When describing the electron energy of the real Hydrogen atom, how do things like the zeeman effect, stark effect, fine structure, hyperfine splitting, etc, affect the energy levels? What changes the energy the most and how do they?
I'm not as drastic as Arnold. I would say the complete theory of a hydrogen atom can only be explored through approximate methods, the so-called perturbation theory. Surely that in its most simple form, the Hydrogen atom based on the Schroedinger's original equation of 1926 is completely solvable and the full solution for the discrete spectrum of the Hamiltonian is displayed in every book.

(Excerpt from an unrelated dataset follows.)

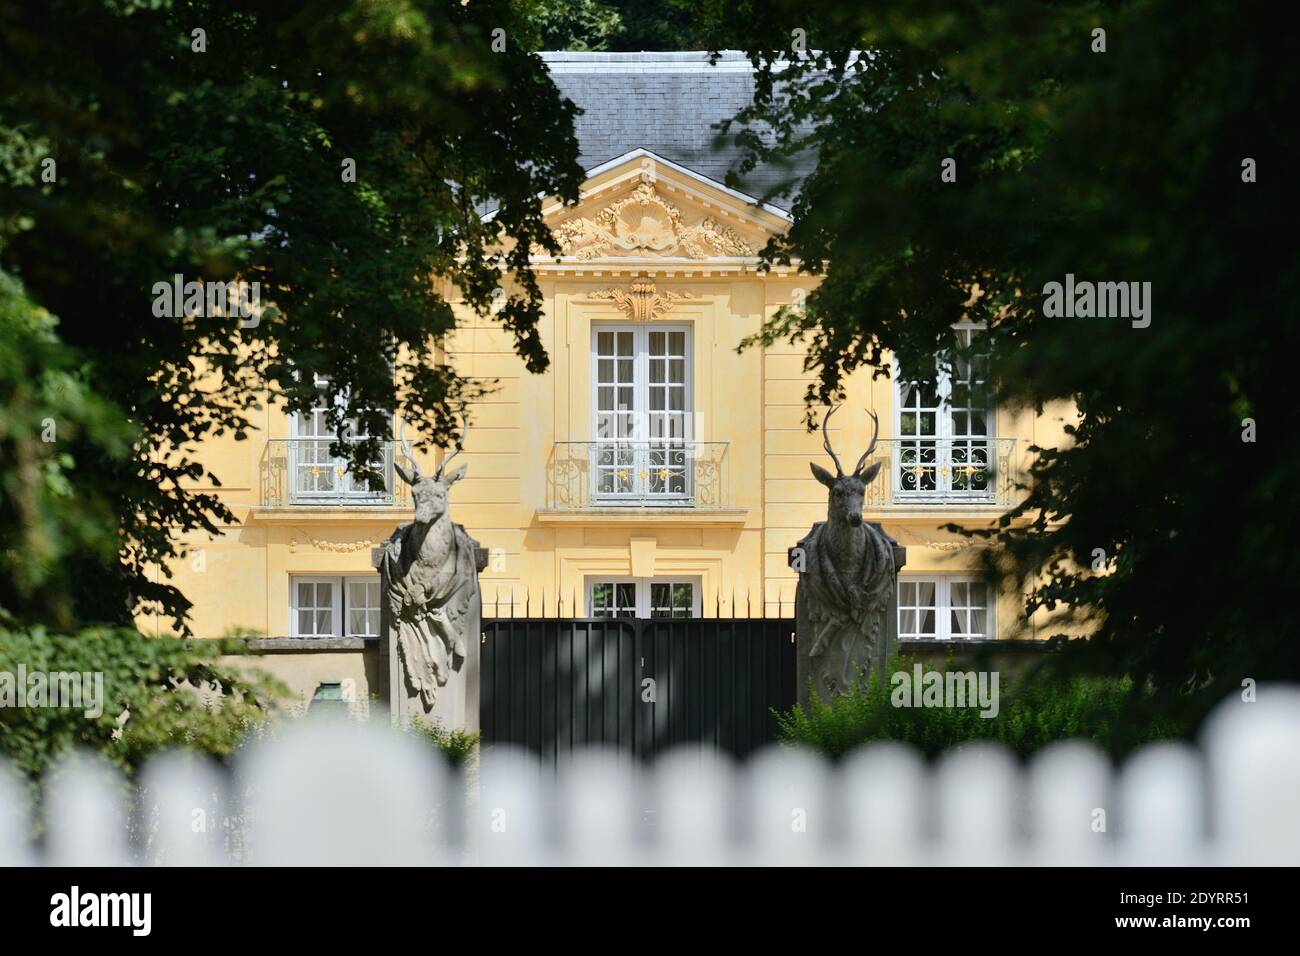 Vue sur le Pavillon de la Lanterne à Versailles, France, le 13 août 2013.  Le président français François Hollande passera ses vacances d'été dans cet  ancien pavillon de chasse près du château

Then you wish to include the theory of special relativity into the 1926 original picture and write down and solve the Dirac equation. This was done by the physicists Gordon and Darwin in 1928. But even Dirac's theory is not the whole picture. It should be generalized to include the relative motion of the proton wrt the electron (which is not so simple) and the efect of the proton's magnetic momentum (the so-called hyperfine splitting).

And then of course, you've got the fact that quantum electrodynamical corrections (Lamb shift) must be taken into consideration as well.

Eventually, the Balmer's 1885 formula for the energetic spectrum of the H atom would be so changed, that you wouldn't recognize it was about the H atom, unless you know the whole picture behind it.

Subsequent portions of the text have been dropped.